Problem details
Using the entries below, copy exactly each line from the line with "ECUADOR: 28/AU/1929 Quito" up to and including the line with "Kangaroo Paw (PPG1060-3)", with every picture left out.

Given data

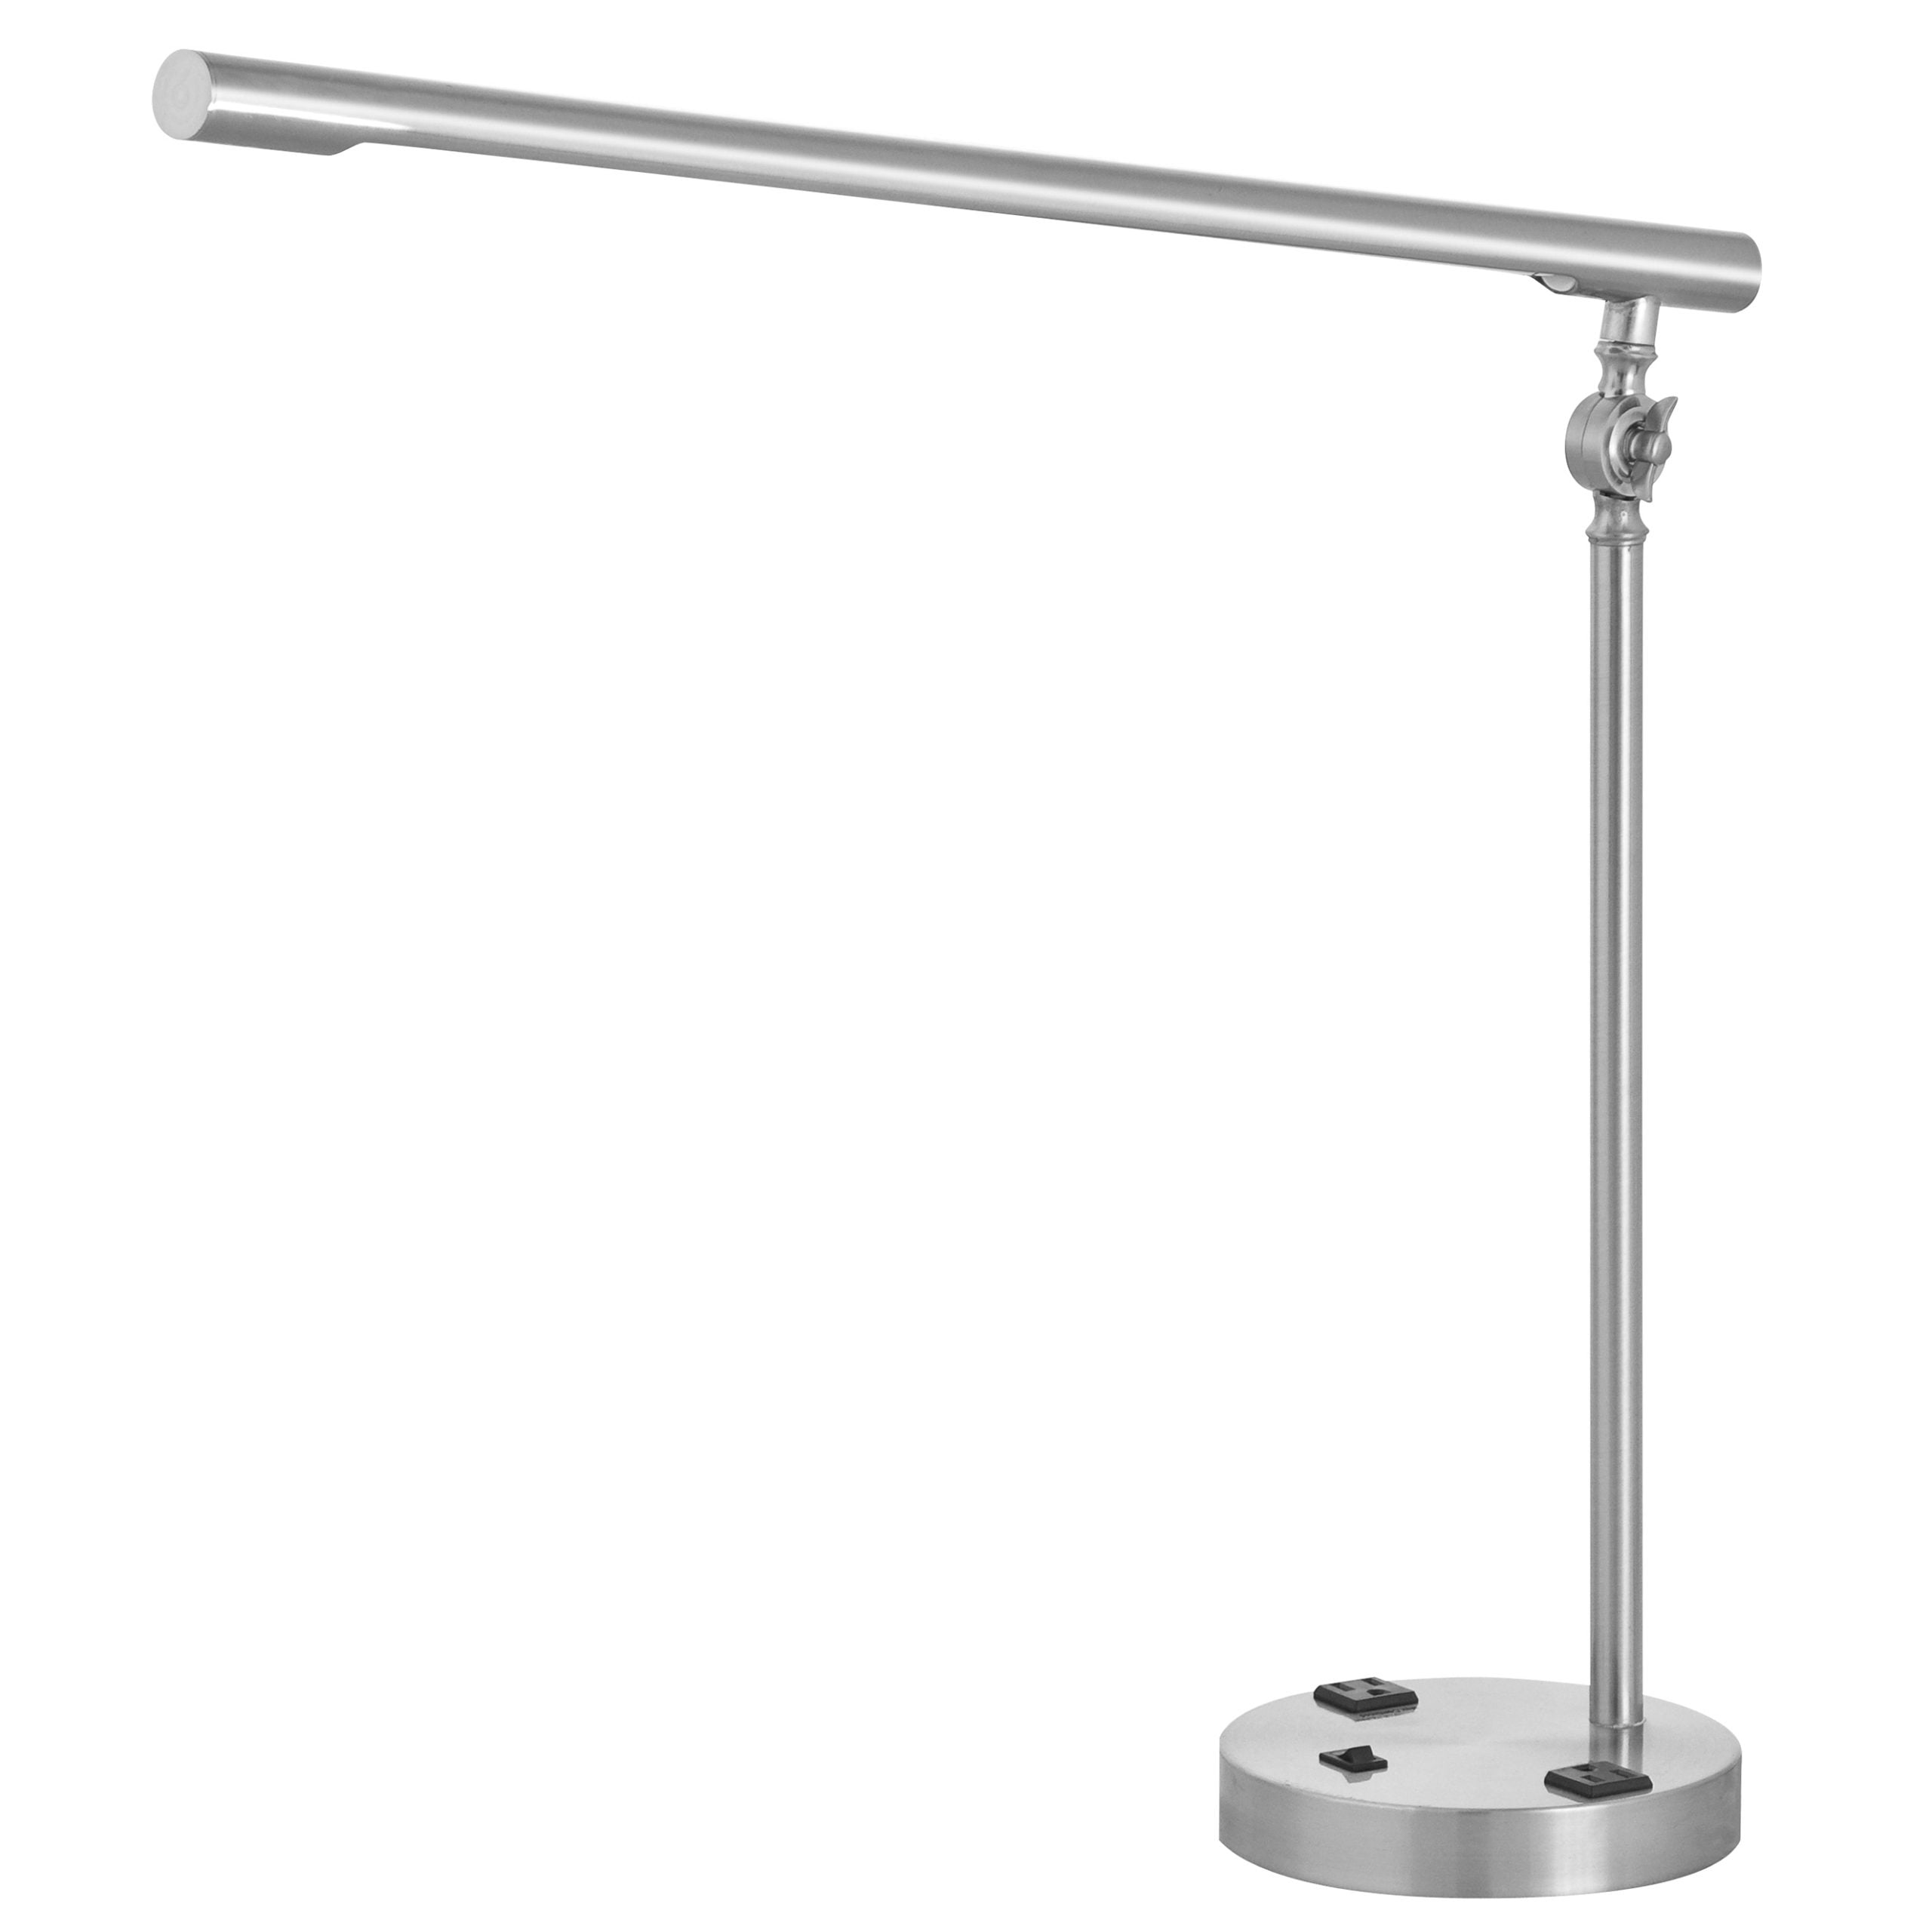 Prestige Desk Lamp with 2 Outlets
* * *
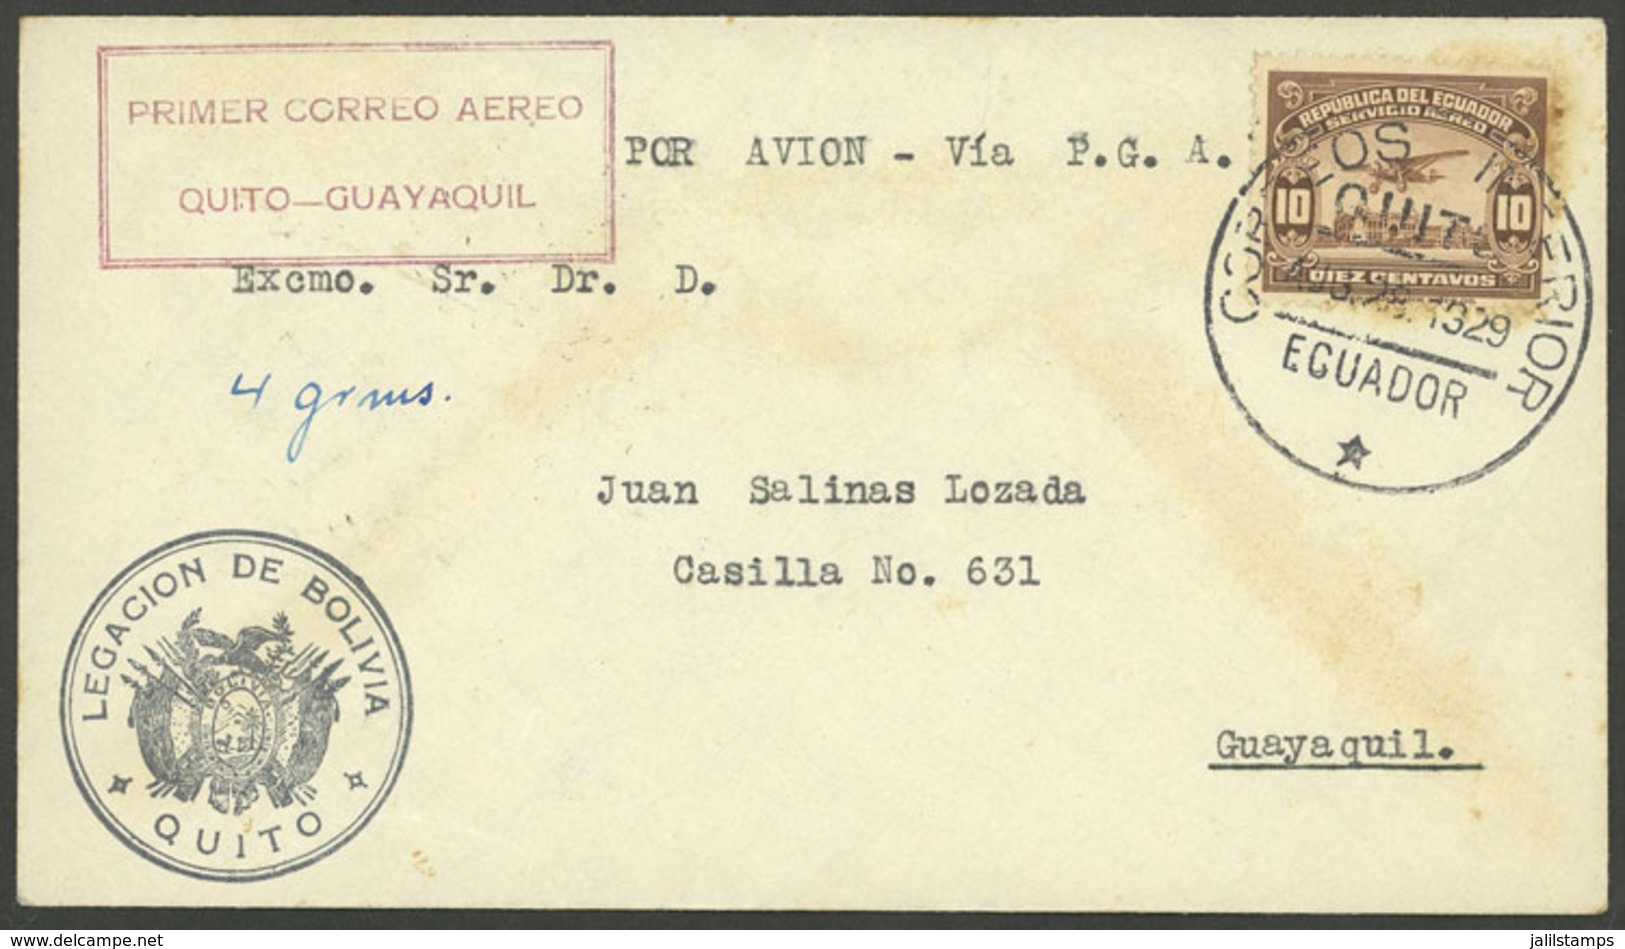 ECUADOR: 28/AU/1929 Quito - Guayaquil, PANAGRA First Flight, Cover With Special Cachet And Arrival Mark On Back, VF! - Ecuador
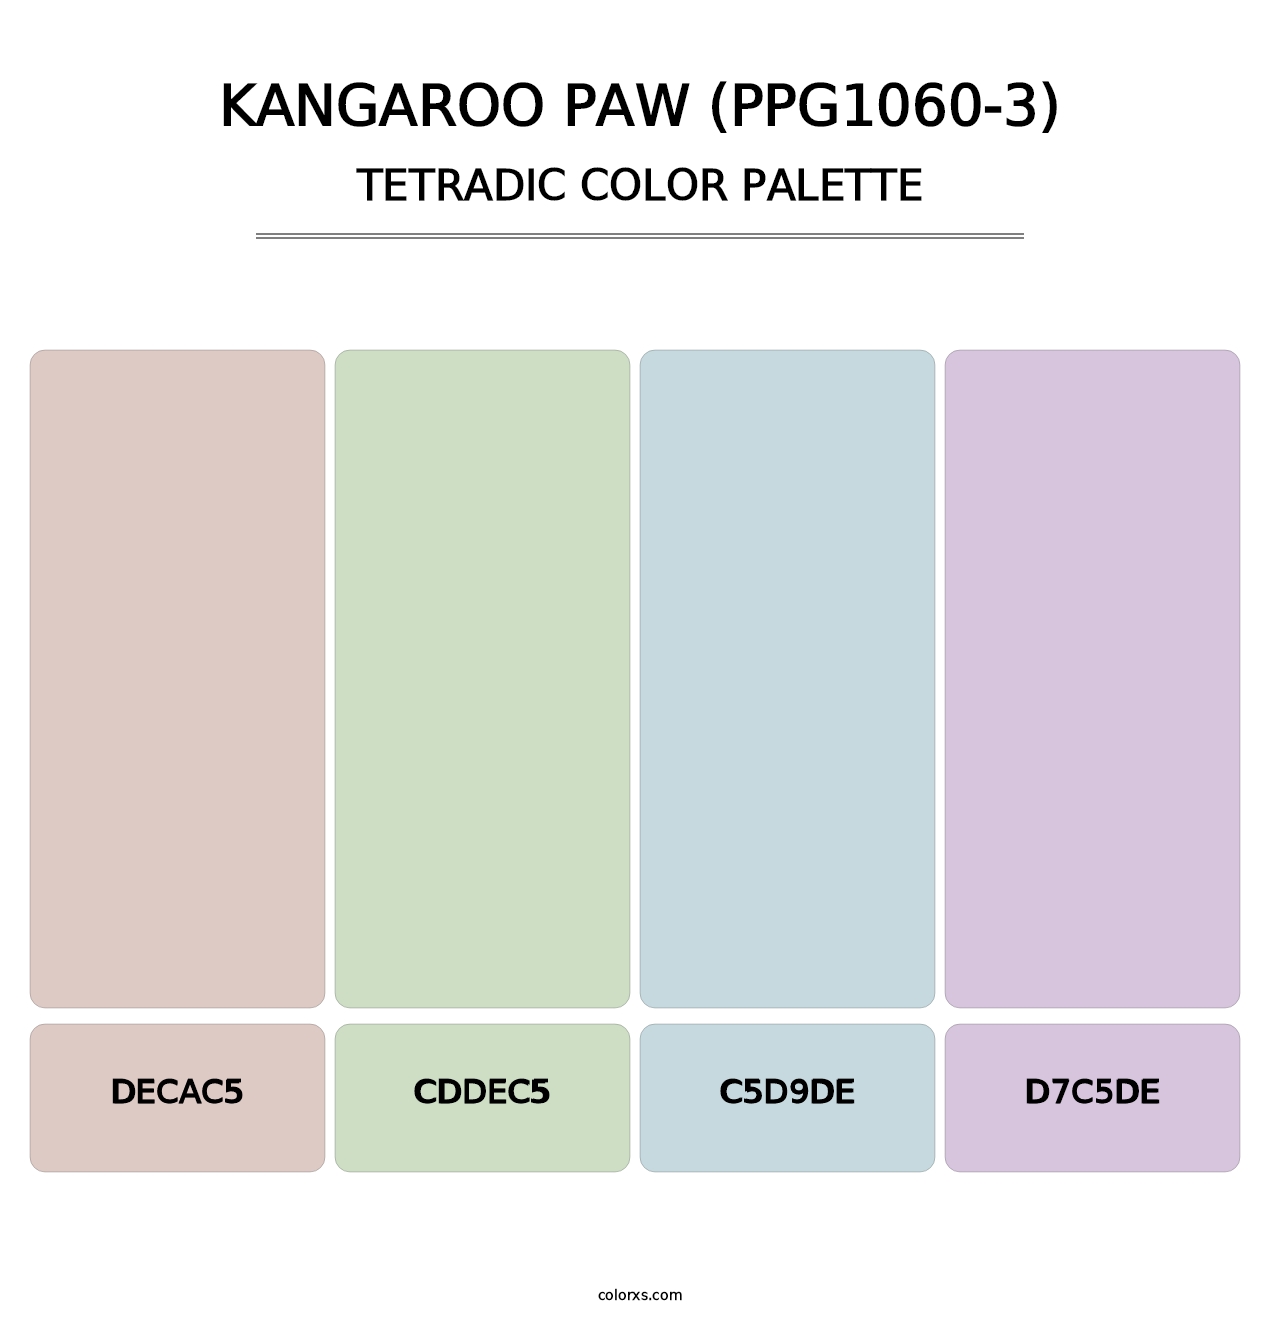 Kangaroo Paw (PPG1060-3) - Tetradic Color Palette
==
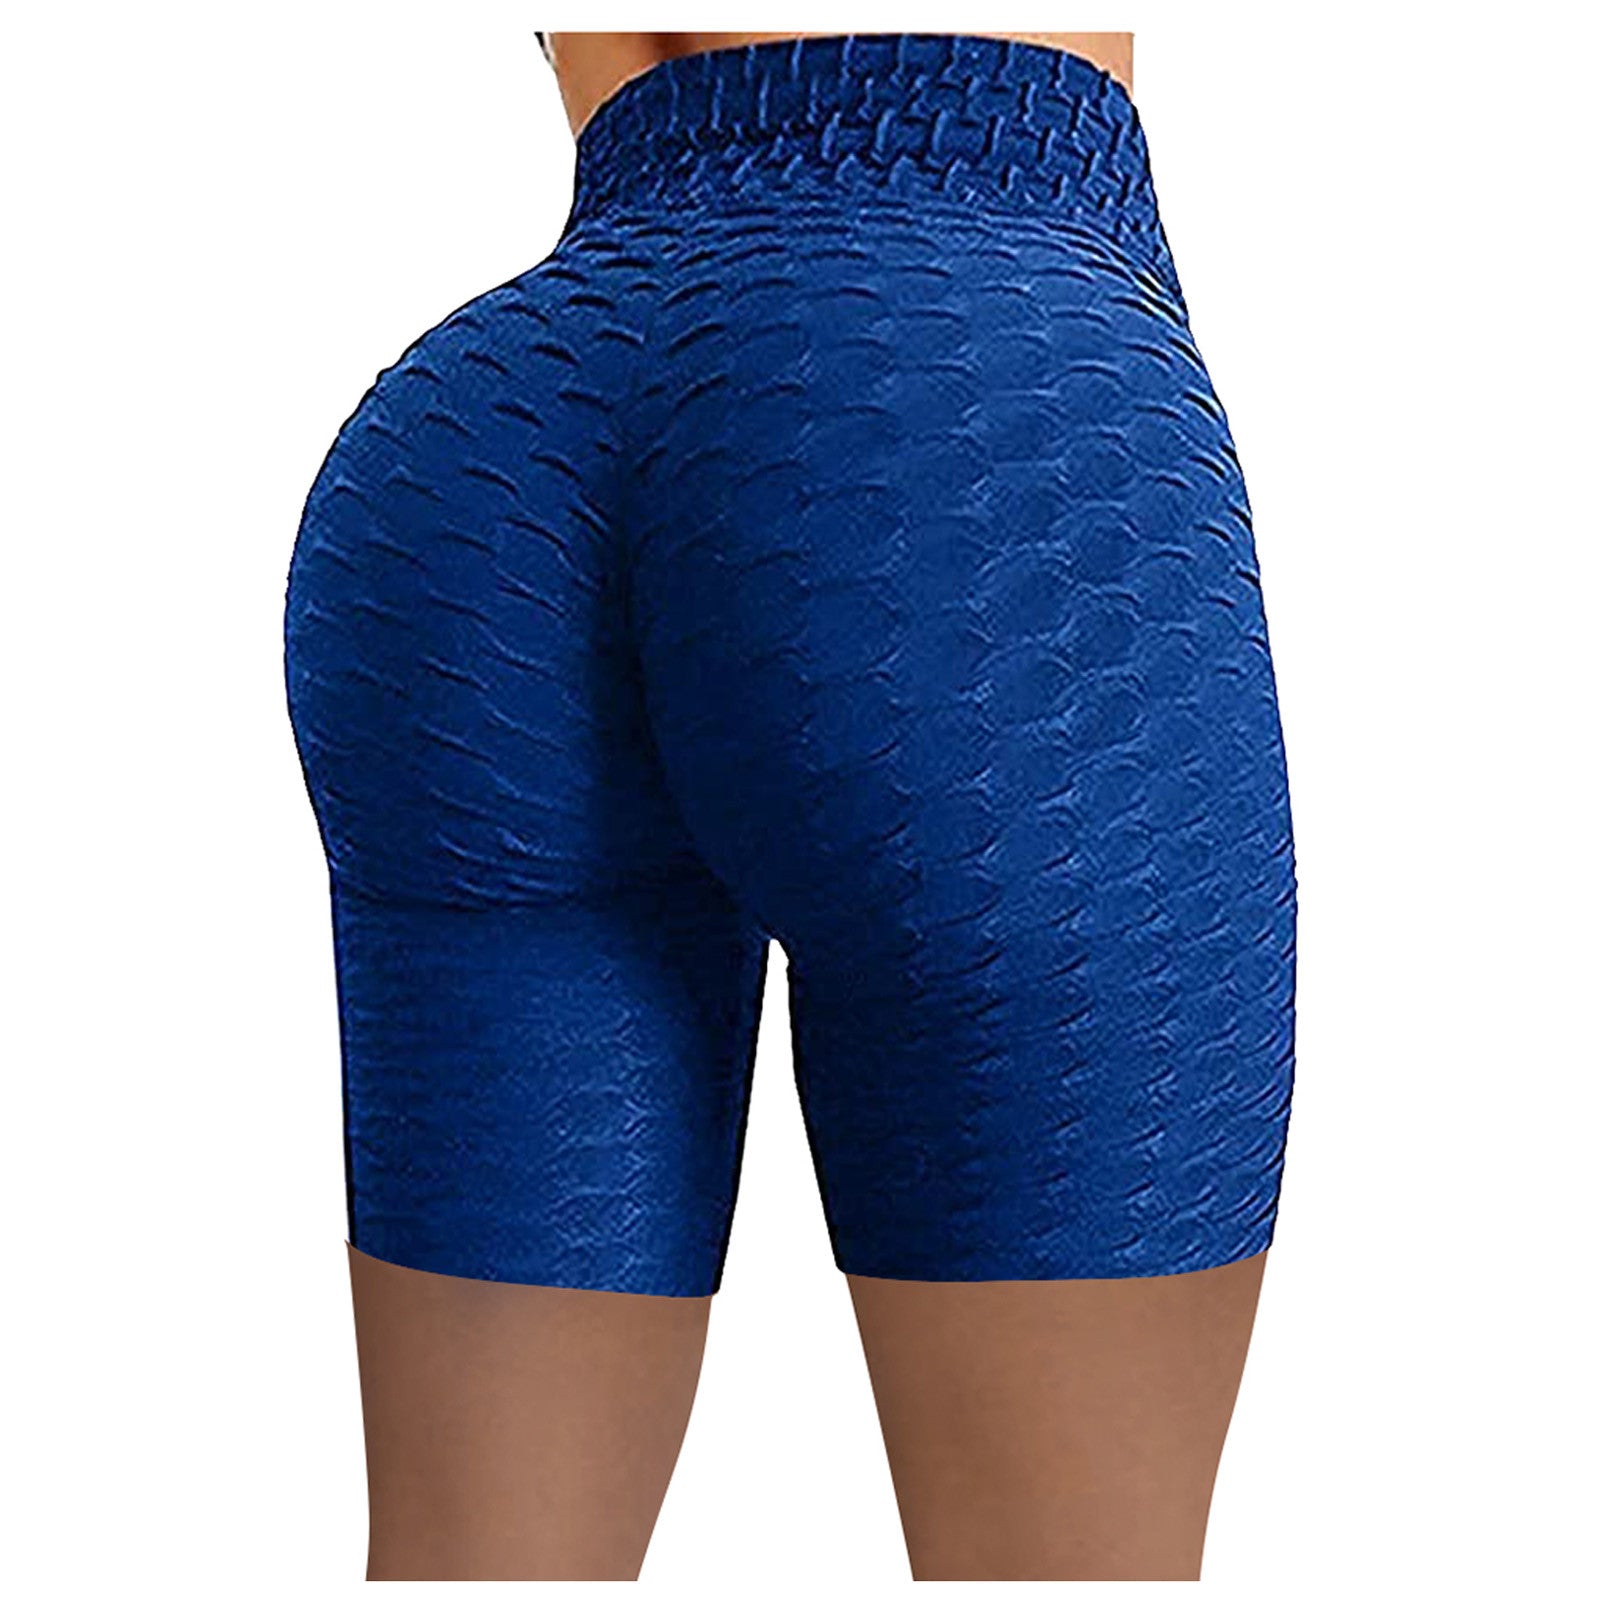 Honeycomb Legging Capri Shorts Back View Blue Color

Answer to the problem
 ECUADOR: 28/AU/1929 Quito - Guayaquil, PANAGRA First Flight, Cover With Special Cachet And Arrival Mark On Back, VF! - Ecuador
 Kangaroo Paw (PPG1060-3) - Tetradic Color Palette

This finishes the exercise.